Because of the above I am considering disabling keepalive on my Cisco switches layer 2 links, especially uplinks, is this a good or bad idea?
Alex McLaren
10-11-2005 06:38 AM
Hi Alex-
Loopback detection was a mechanism that was put in place to detect loops in the network
caused by Type1a or tyep2 copper cabling. While it is a good mechansim for those special
situations , there seems to be no need for having it enabled on the Gig ports where you
can use features like UDLD to detect a fiber loop or unidirectional fiber.
But in 12.1EA releases , loopback detection is enabled by default on the fiber ports as
well as copper ports. On some fiber ports , neighboring switch may just switch the
keepalive packet back w/o making any change in the packet causing the original switch that
sent out the keepalive to recive its own packet back kicking in this mechanism of
error-disabling the port.
What you can do is you can disable keepalives on the uplink Gig ports of the 2950 and that
should take care of the problem
On 2950
int gig
no keepalives
But make sure you have UDLD enabled. Once you have disabled the keepalives , please make
sure you have low cpu on the 2950s that were showing the problem as well as make sure the
mac-aging timer stays at 300 sec.
show proc cpu
show mac- aging
UDLD should however be enabled on fiber Gig ports to detect spanning tree loop problems.
Keepalive detection mechansim is speciafically there for Type1a and type 2 cabling and has
no significance on fiber ports.
This is also documented in the the release notes of the following Cisco DDTS id #
CSCea46385.
An interface on a Catalyst switch is errordisabled after detecting a loopback.
Mar 7 03:20:40: %ETHCNTR-3-LOOP_BACK_DETECTED: Loop-back detected on GigabitEthernet0/2.
The port is forced to linkdown.
Mar 7 03:20:42: %LINK-5-CHANGED: Interface GigabitEthernet0/2, changed state to
administratively down
Mar 7 03:20:43: %LINEPROTO-5-UPDOWN: Line protocol on Interface GigabitEthernet0/2,
changed state to down
Conditions:
This might be seen on a Catalyst 2940, 2950, 2950-LRE, 2955, 2970, 3550, 3560 or
3750 switch running 12.1EA or 12.2SE based code.
Workaround:
Disable keepalives by using the "no keepalive" interface command. This will
prevent the port from being errdisabled, but it does not resolve the root cause of
the problem. Please see section below for more information.
Additional Information:
The problem occurs because the keepalive packet is looped back to the port that sent
the keepalive. There is a loop in the network. Although disabling the keepalive
will prevent the interface from being errdisabled, it will not remove the loop.

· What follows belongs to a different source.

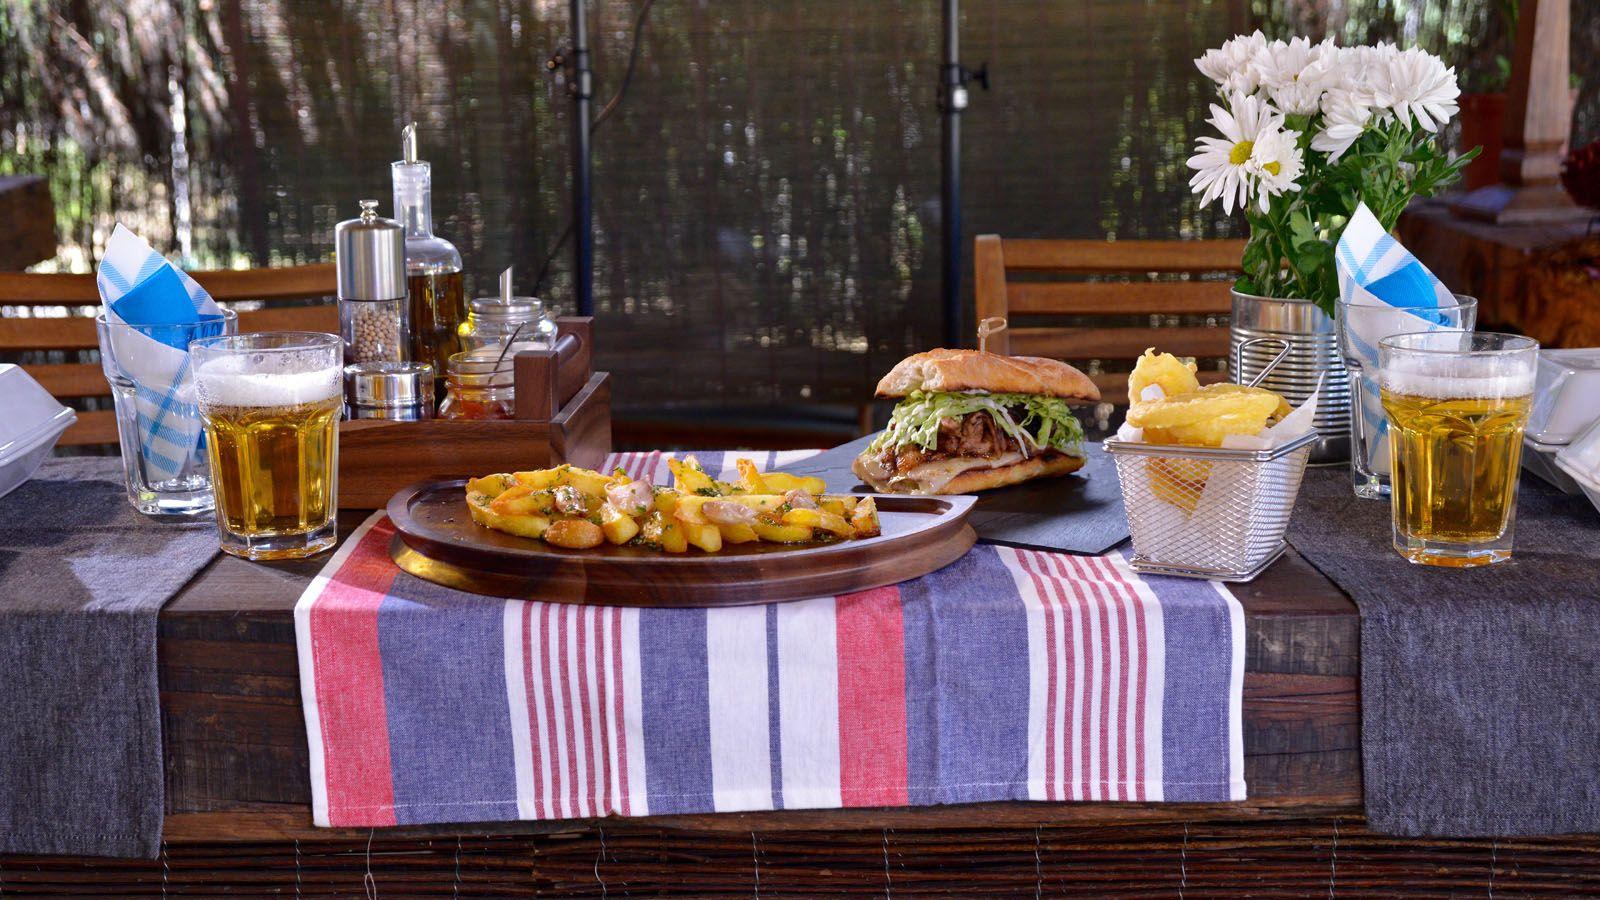 Cómo decorar una mesa para una cena informal con amigos | Amigos ...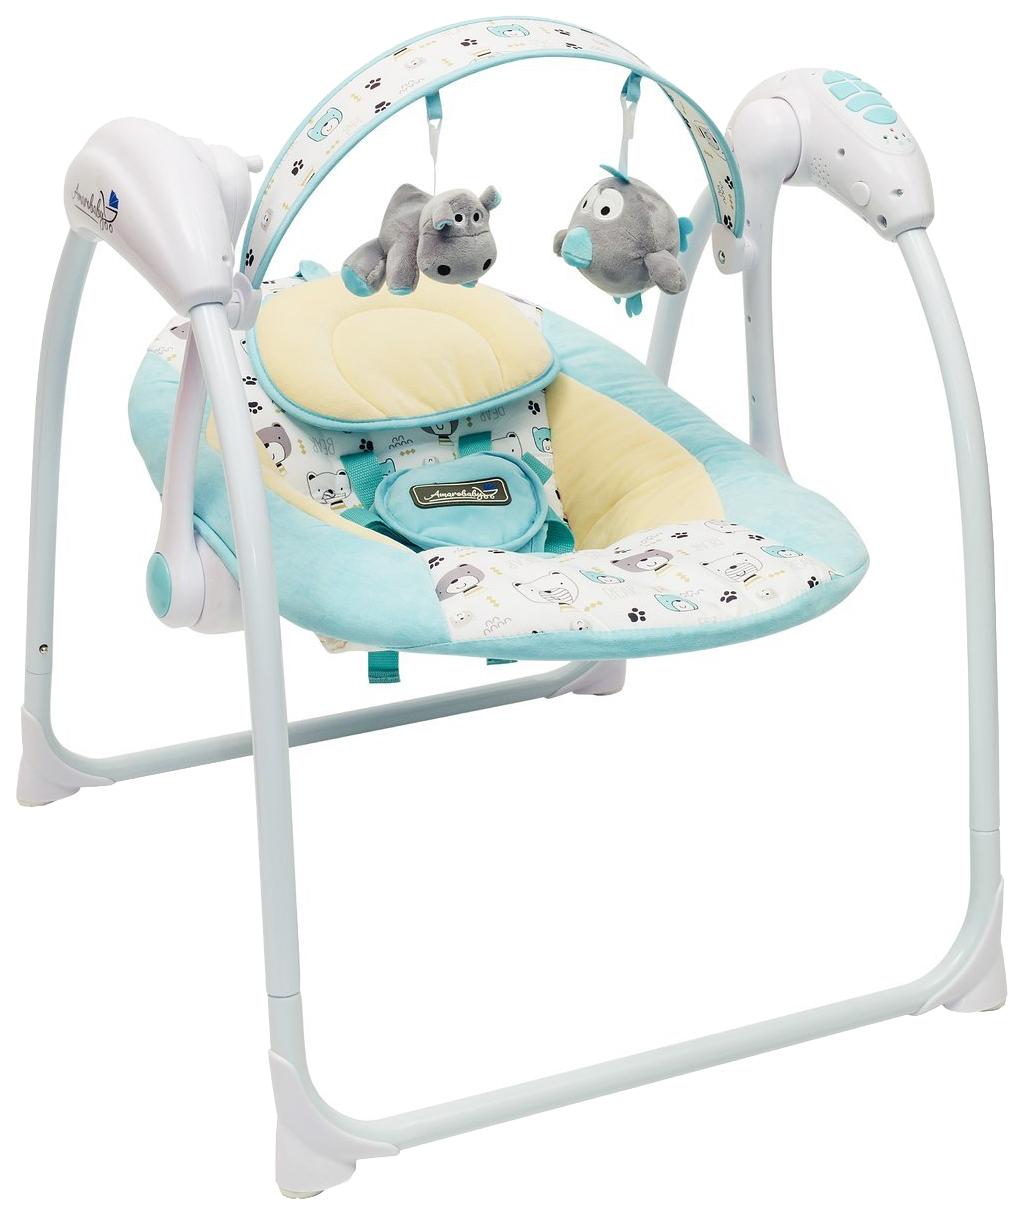 Электронные качели детские AMAROBABY Swinging Baby TURQUOISE

The problem is aggravated if there are a large number of Topology Change Notifications
on the network. When a switch receives a BPDU with the Topology Change bit set,
the switch will fast age the MAC Address table. When this happens, the number of
flooded packets increases because the MAC Address table is empty.
Keepalives are sent on the Catalyst 2940, 2950, 2950-LRE, 2955, 2970, 3550, 3560
or 3750 switch to prevent loops in the network. The primary reason for the keepalives
is to prevent loops as a result of Type 2 cabling. For more information, see:
http://www.cisco.com/en/US/netsol/ns340/ns394/ns74/ns149/networking_solution
s_white_paper09186a00800b4249.shtml
Keepalives are sent on ALL interfaces by default in 12.1EA based software. Starting
in 12.2SE based releases, keepalives are NO longer sent by default on fiber and uplink
interfaces. Since there is no 12.2SE release for 2950s , you will have to manually disable
the keepalives on uplink Gig ports.
Hope this helps.
thanks
Salman Zahid
10-12-2005 07:23 AM
Hi Salam
Thanks for your reply it was very helpful.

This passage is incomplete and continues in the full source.